I have used a lot of different methods to remove rust over the years. If you want to attack the slides and hard to reach areas on a vise, I would recommend doing an immersion in liquid. Personally I don't like using abrasives as it removes good metal with the rust ( as Bill mentioned, the least damaging method). A sandblasting shop should be able to use walnut shells or baking soda which is less damaging to the metal, if you go that route.
I've used electrolysis for rust removal most commonly as it's cheap and effective. My vises have been cleaned with this method.
Evaporust is also very effective, but can be expensive to get enough to completely cover the vise. I put the smaller parts in evaporust (nuts/bolts/rings/etc)

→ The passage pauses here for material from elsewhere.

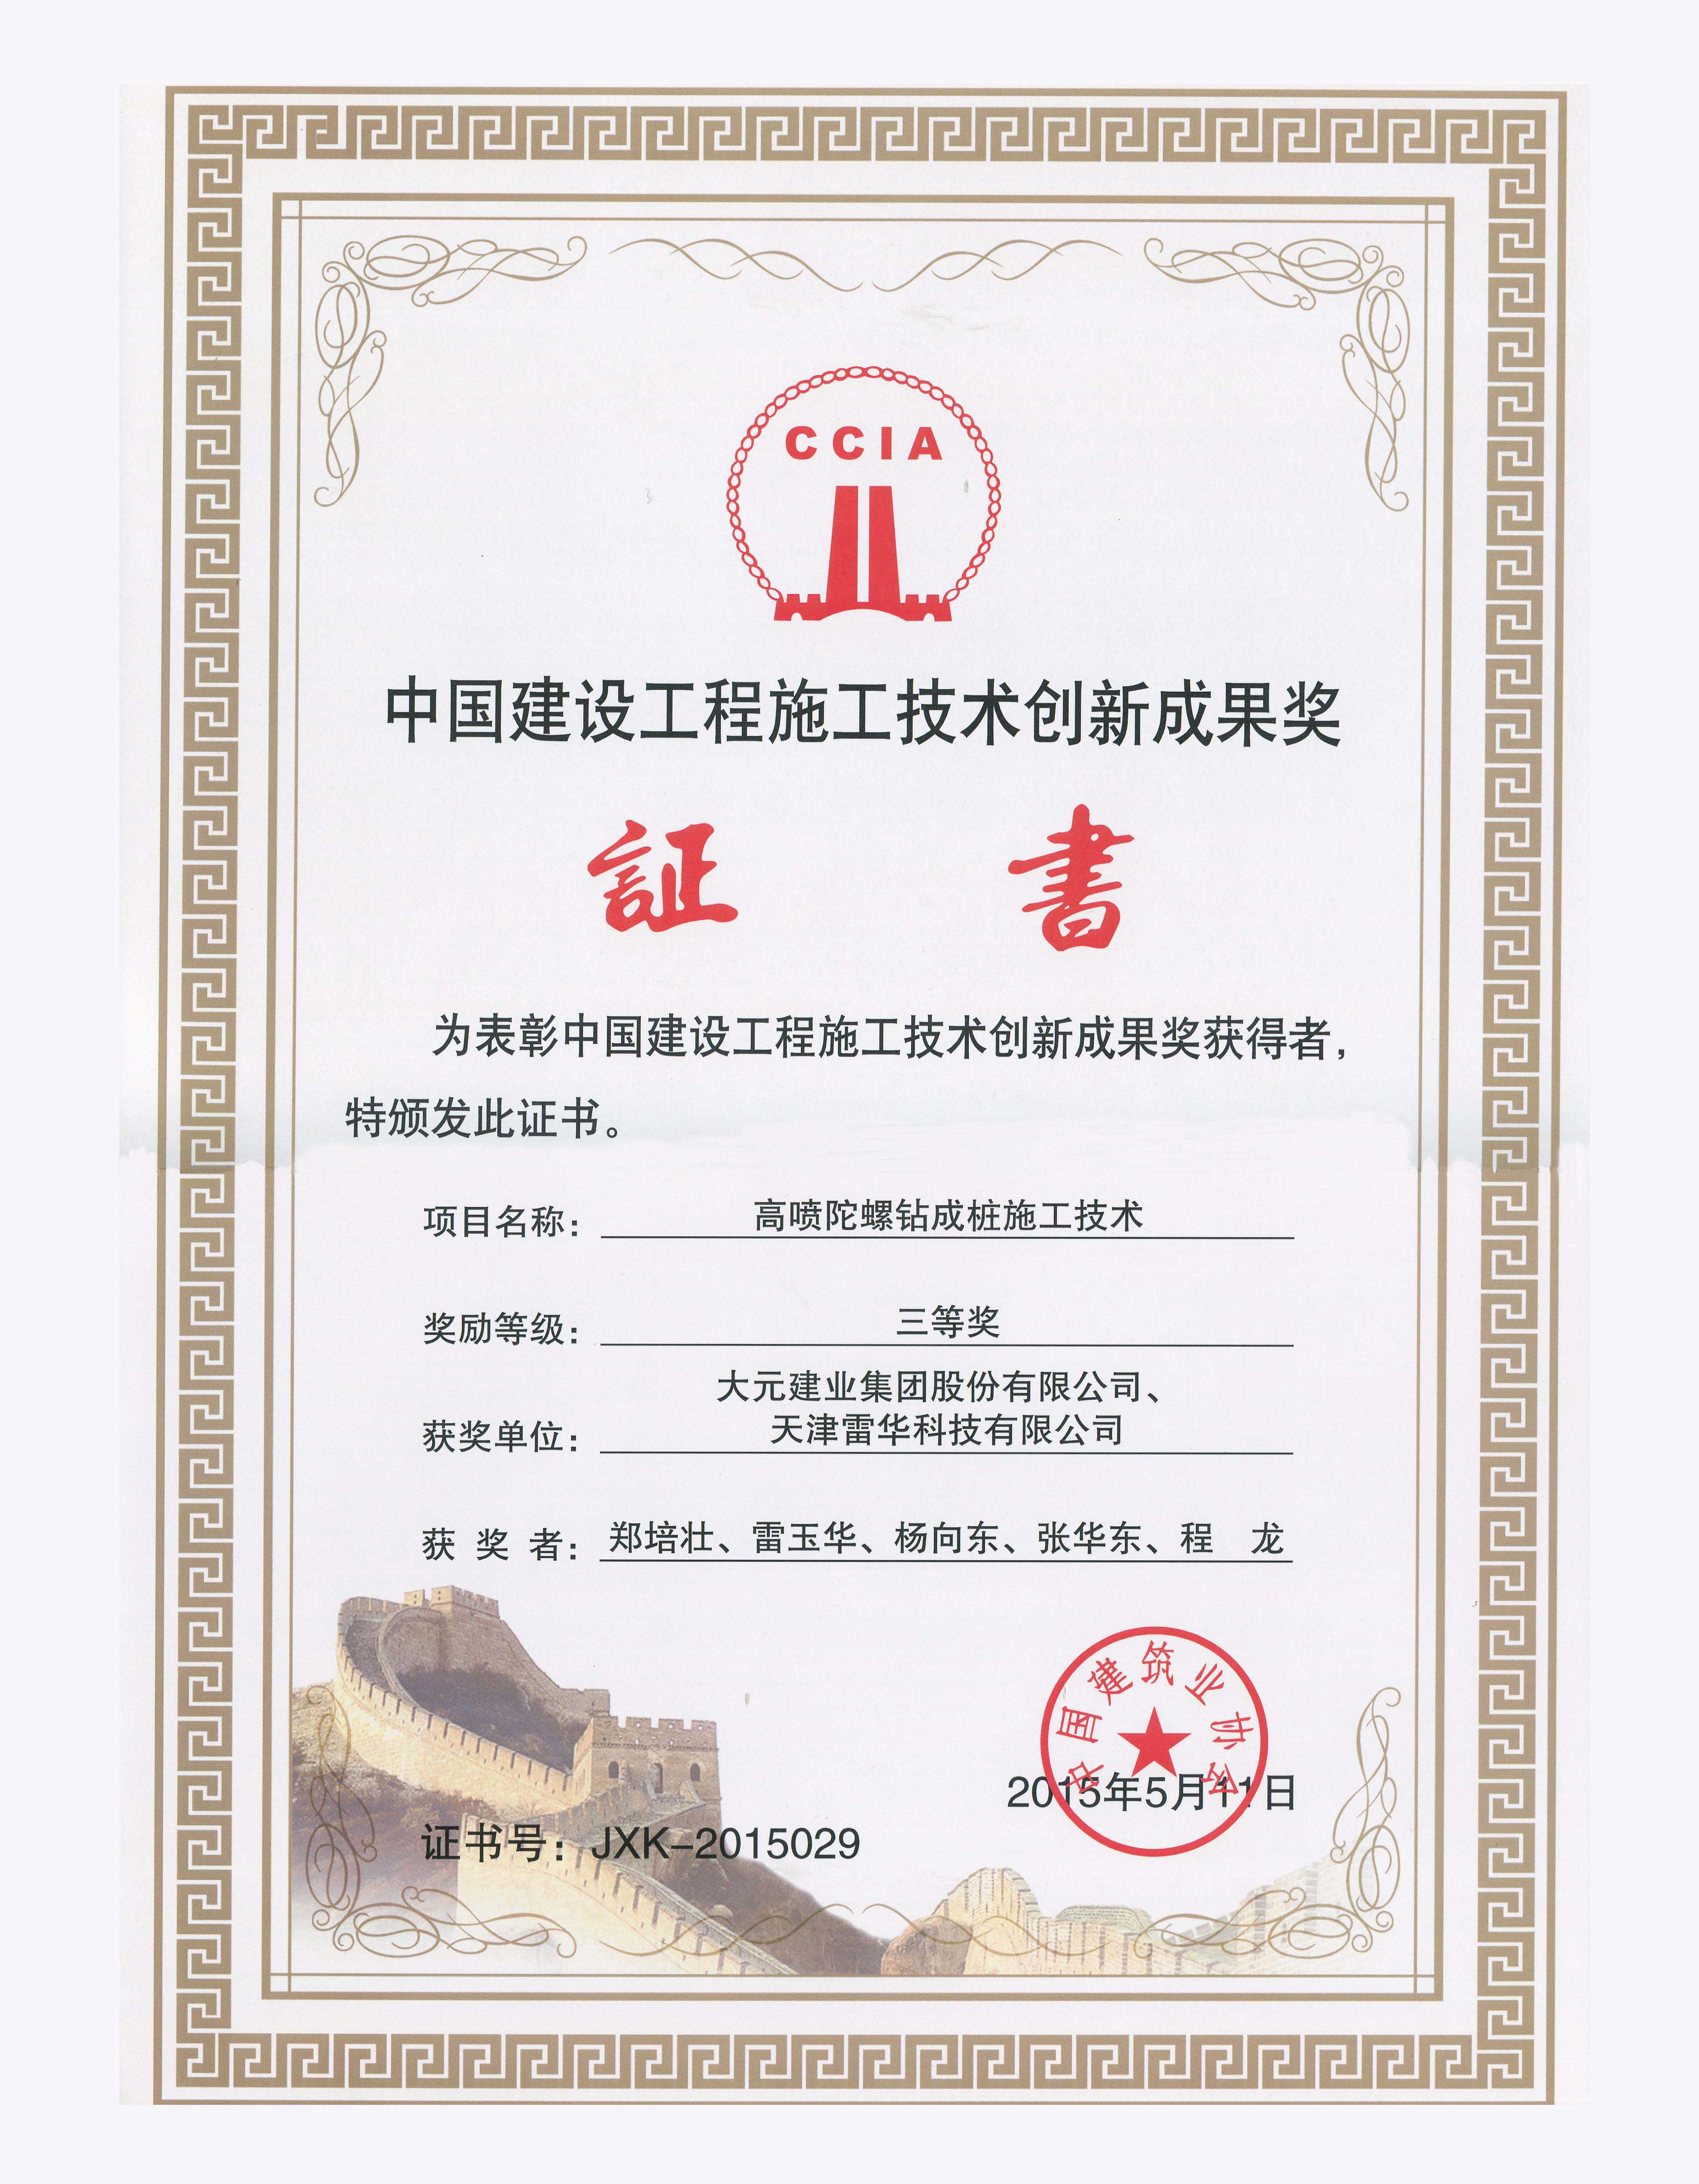 大元集团荣获“首届中国建设工程施工技术创新成果奖”

I have had mixed results with the molasses & water technique - I've found it can take weeks and seems to be temperature dependent (has to stay warm).
Citric acid & vinegar are effective, but I have also had funny results with both methods. I used to use vinegar for cleaning cast iron cookware; some pieces started to clean up within 15 minutes, other pieces had to be repeatedly soaked. I do not understand what variables seem to cause this.
I do not use hydrochloric acid anymore. I attempted to remove rust from a Miller's Falls hacksaw years ago - after an hour it had reduced most of the visible rust but unknowingly chewed the threads on all the screws to an unusable state. Some of the old timers suggested that some of the older steels were mixed with pot metal and other steel grades, making them more/less reactive than other steels used on the same tools.
After the rust removal is complete you'll have to scrub the residue off the pieces. I give stuff a good scrub and then dry everything as quickly as possible in front of a fan. You will get some flash rusting, but a wipe down with BLO will take that right off. I like Boeshield T9 spray for getting into those tight places; it will dry and seems to last longer than WD40.